Django 1.7 - "No migrations to apply" when run migrate after makemigrations

I use Django1.7 with Mezzanine. I create simple profile (according to Mezzanine documentation) stored in separate app "profiles":

class RoadmapProfile(models.Model):
    user = models.OneToOneField("auth.User")
    fullname = models.CharField(max_length=100, verbose_name="Full name")

Creation of migrations returns:

  Migrations for 'profiles':
      0001_initial.py:
        - Create model RoadmapProfile

When I run "migrate profiles":

Operations to perform:
  Apply all migrations: profiles
Running migrations:
  No migrations to apply.

The issue is, when I try to open any page related to mezzanine.accounts (for example update account), it crashes with:

OperationalError at /accounts/update/

no such column: profiles_roadmapprofile.fullname

What I have done wrong?


  1. In MySQL Database delete row 'profiles' from the table 'django_migrations'.
  2. Delete all migration files in migrations folder.
  3. Try again python manage.py makemigrations and python manage.py migrate command.

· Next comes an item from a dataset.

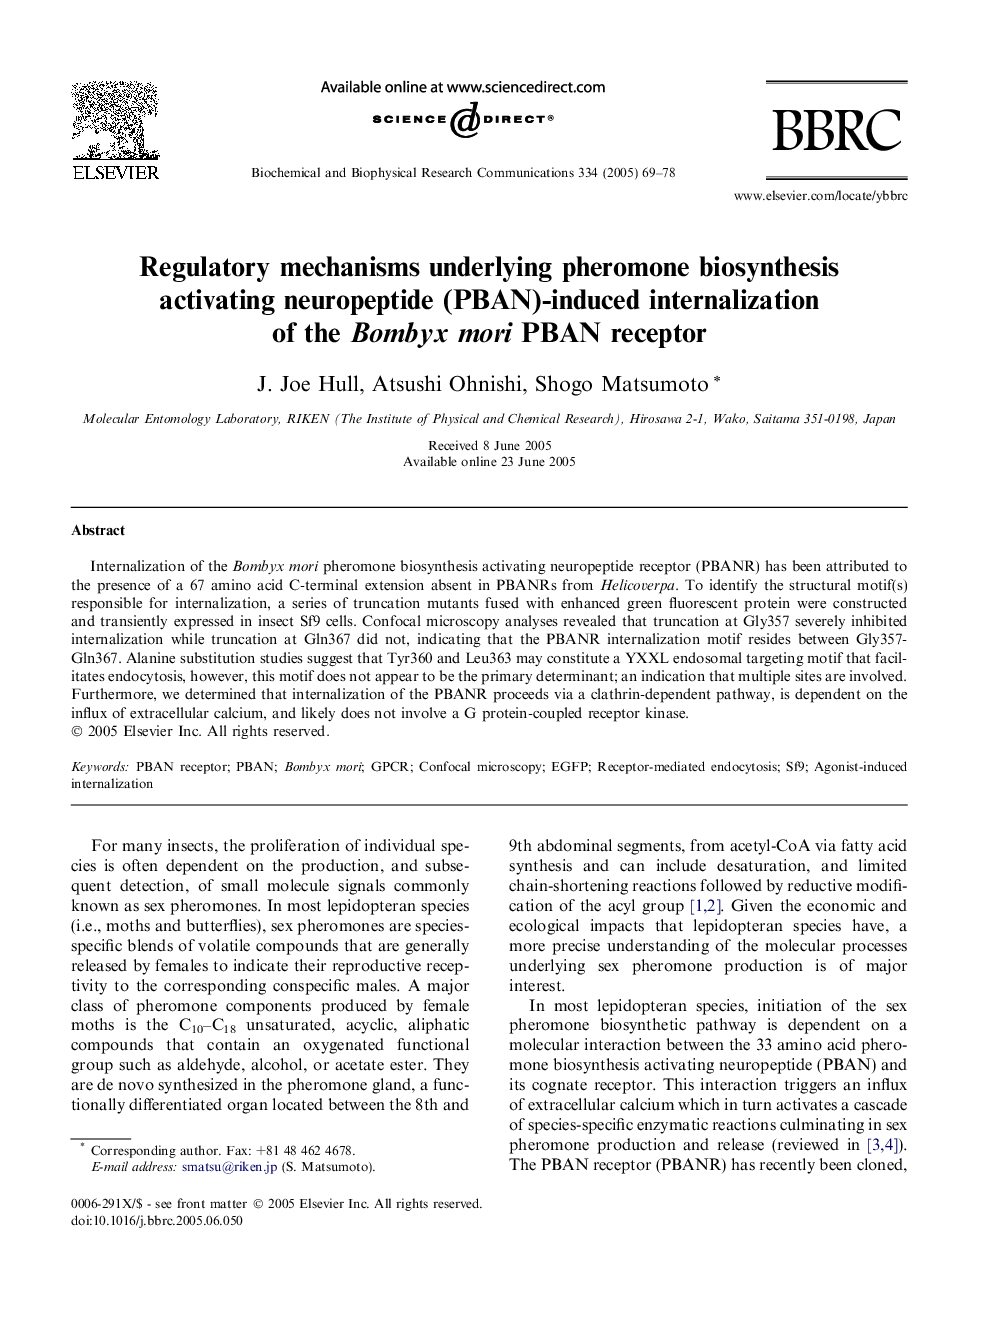 Regulatory mechanisms underlying pheromone biosynthesis activating neuropeptide (PBAN)-induced internalization of the Bombyx mori PBAN receptor

I am a Django newbie and I was going through the same problem. These answers didn't work for me. I wanted to share how did I fix the problem, probably it would save someone lots of time.

Situation:

I make changes to a model and I want to apply these changes to the DB.

What I did:

Run on shell:

python manage.py makemigrations app-name
python manage.py migrate app-name

What happened:

  • No changes are made in the DB

  • But when I check the db schema, it remains to be the old one

Reason:

  • When I run python manage.py migrate app-name, Django checks in django_migrations table in the db to see which migrations have been already applied and will skip those migrations.

What I tried:

Delete the record with app="my-app-name" from that table (delete from django_migrations where app = "app-name"). Clear my migration folder and run python manage.py makemigration my-app-name, then python manage.py migrate my-app-name. This was suggested by the most voted answer. But that doesn't work either.

Why?

Because there was an existing table, and what I am creating was a "initial migration", so Django decides that the initial migration has already been applied (Because it sees that the table already exists). The problem is that the existing table has a different schema.

Solution 1:

Drop the existing table (with the old schema), make initial migrations, and applied again. This will work (it worked for me) since we have an "initial migration" and there was no table with the same name in our db. (Tip: I used python manage.py migrate my-app-name zero to quickly drop the tables in the db)

Problem? You might want to keep the data in the existing table. You don't want to drop them and lose all of the data.

Solution 2:

  1. Delete all the migrations in your app and in django_migrations all the fields with django_migrations.app = your-app-name How to do this depends on which DB you are using Example for MySQL: delete from django_migrations where app = "your-app-name";

  2. Create an initial migration with the same schema as the existing table, with these steps:

    • Modify your models.py to match with the current table in your database

    • Delete all files in "migrations"

    • Run python manage.py makemigrations your-app-name

    • If you already have an existing database then run python manage.py migrate --fake-initial and then follow the step below.

  3. Modify your models.py to match the new schema (e.i. the schema that you need now)

  4. Make new migration by running python manage.py makemigrations your-app-name

  5. Run python manage.py migrate your-app-name

This works for me. And I managed to keep the existing data.

More thoughts:

The reason I went through all of those troubles was that I deleted the files in some-app/migrations/ (the migrations files). And hence, those migration files and my database aren't consistent with one another. So I would try not modifying those migration files unless I really know what I am doing.


Sounds like your initial migration was faked because the table already existed (probably with an outdated schema):

https://docs.djangoproject.com/en/1.8/topics/migrations/#adding-migrations-to-apps

"This will make a new initial migration for your app. Now, when you run migrate, Django will detect that you have an initial migration and that the tables it wants to create already exist, and will mark the migration as already applied."

Otherwise you would get an no-such-table error :)

Did you clean up the applied-migrations table? That's also a common cause for non-applied migrations.